Multi-robot Cooperation Learning Based on Univariate Search Technique and Deep Deterministic Policy Gradient

Chuxi Xiao, Chenheng Zhang, Xian Guo

Published: 01 Jan 2022, Last Modified: 15 May 2025ACIRS 2022EveryoneRevisionsBibTeXCC BY-SA 4.0

Abstract: Directly applying the method of single-agent re-inforcement learning(SARL) to multi-agent tasks is difficult, because it is often hard to achieve good cooperation results.

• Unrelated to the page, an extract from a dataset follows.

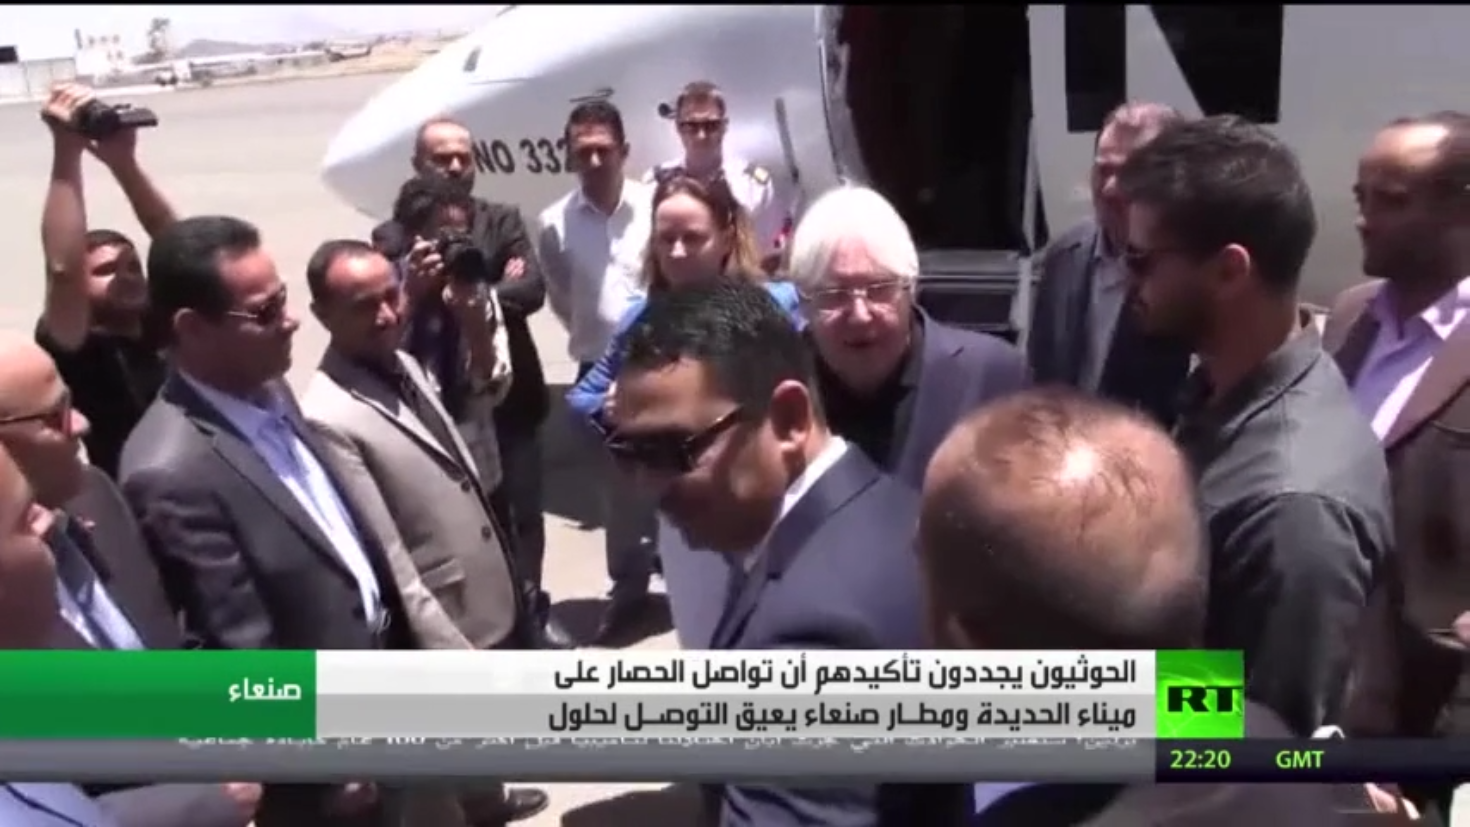 غريفيث: لا تزال هناك إمكانية لحل نزاع اليمن

In this paper, a novel training framework(called Uni-DDPG) based on Univariate Search Technique and Deep Deterministic Policy Gradient(DDPG) is proposed which can learn the cooperation between two agents. Specifically, the policy of one agent is fixed, and DDPG is used to learn the policy of the other agent, then the learned policy is fixed and the previously fixed policy is optimized with DDPG, so on and so on. In addition, in order to improve the robustness and efficiency of learning, Win-or-Learn-Fast method is adopted to update parameters. Finally, a two-robot cooperation task is built and the proposed method is utilized to learn the optimal policies. Results show that the two robots can learn cooperation with the proposed method which outperforms independent DDPG largely.